----- DATA SHOWN -----

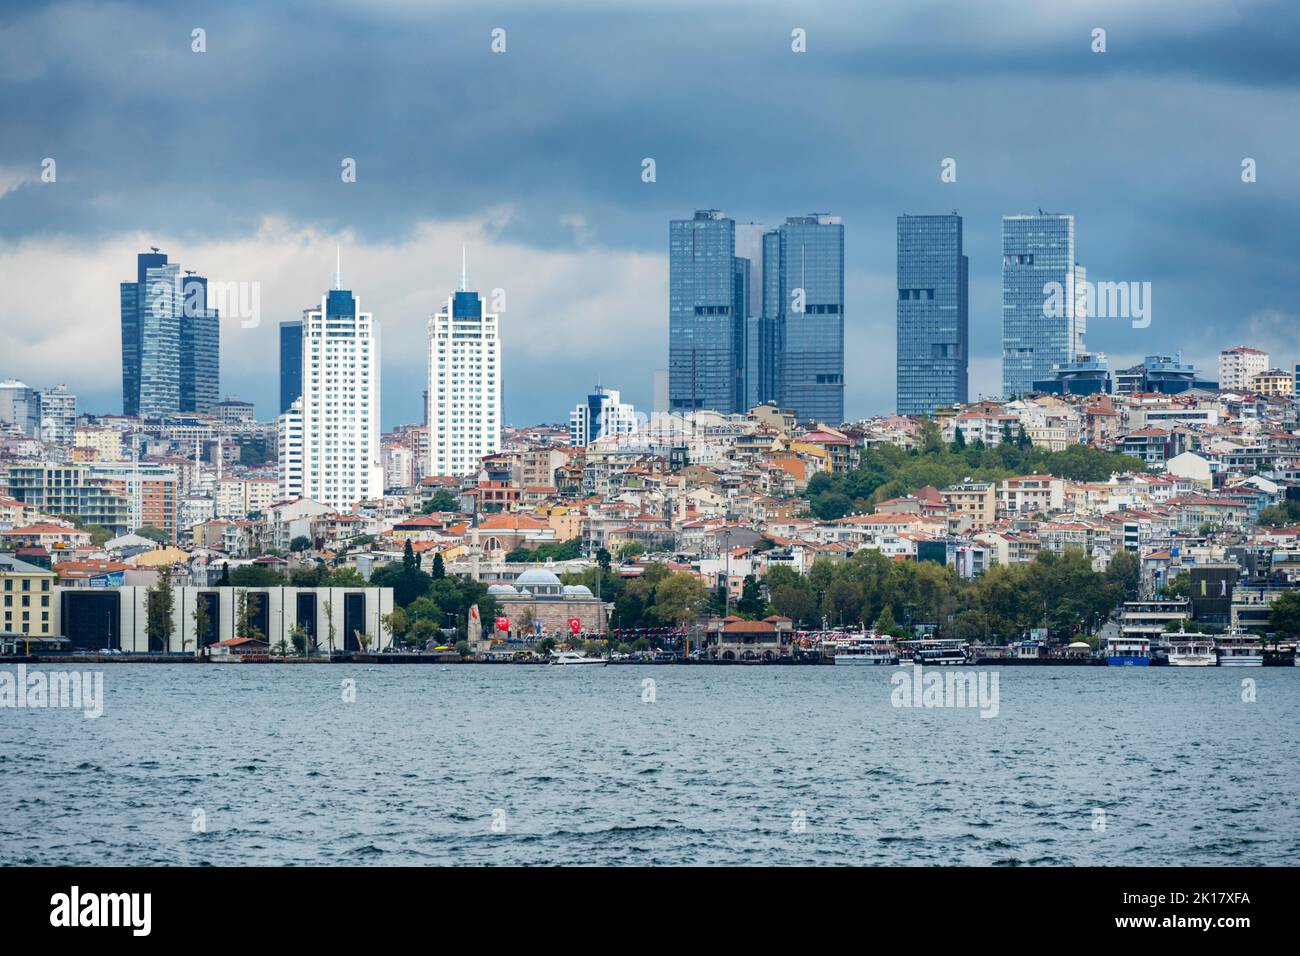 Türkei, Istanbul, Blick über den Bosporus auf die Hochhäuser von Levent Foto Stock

-----
----- DATA SHOWN -----

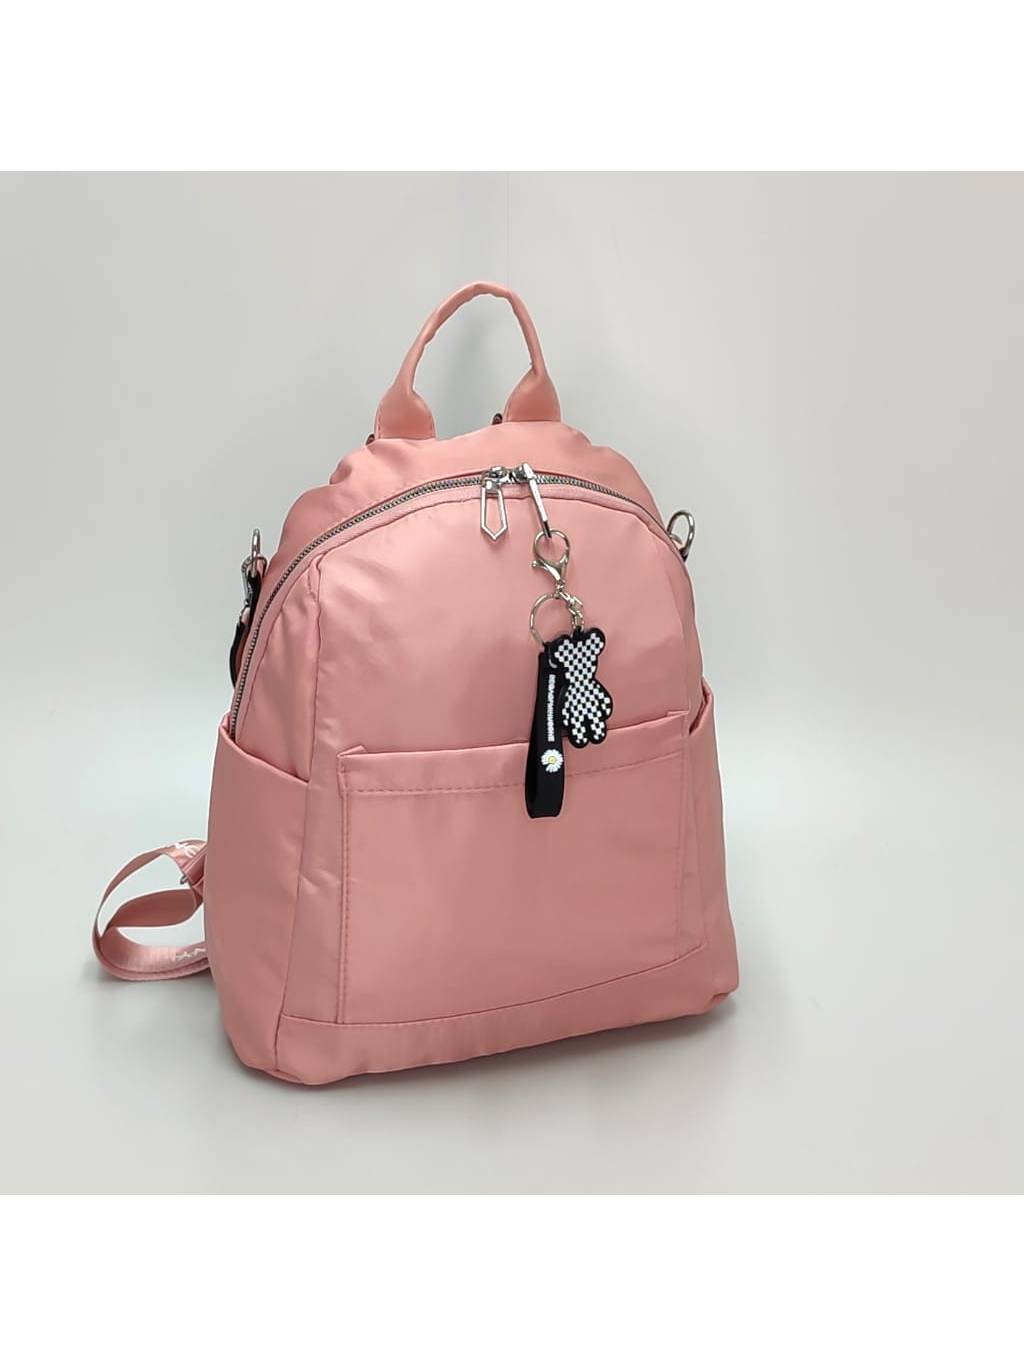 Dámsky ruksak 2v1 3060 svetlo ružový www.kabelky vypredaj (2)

-----
----- DATA SHOWN -----

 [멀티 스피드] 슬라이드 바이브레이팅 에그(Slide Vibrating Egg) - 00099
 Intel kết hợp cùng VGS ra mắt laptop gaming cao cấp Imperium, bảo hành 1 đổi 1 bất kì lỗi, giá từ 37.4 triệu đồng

-----

**WORK ORDER:** Starting with the line above that holds "[멀티 스피드] 슬라이드" and stopping with the line that holds "Intel kết hợp", reproduce each line exactly, omitting all other lines.

**WRITTEN ANSWER:**
 [멀티 스피드] 슬라이드 바이브레이팅 에그(Slide Vibrating Egg) - 00099
 Intel kết hợp cùng VGS ra mắt laptop gaming cao cấp Imperium, bảo hành 1 đổi 1 bất kì lỗi, giá từ 37.4 triệu đồng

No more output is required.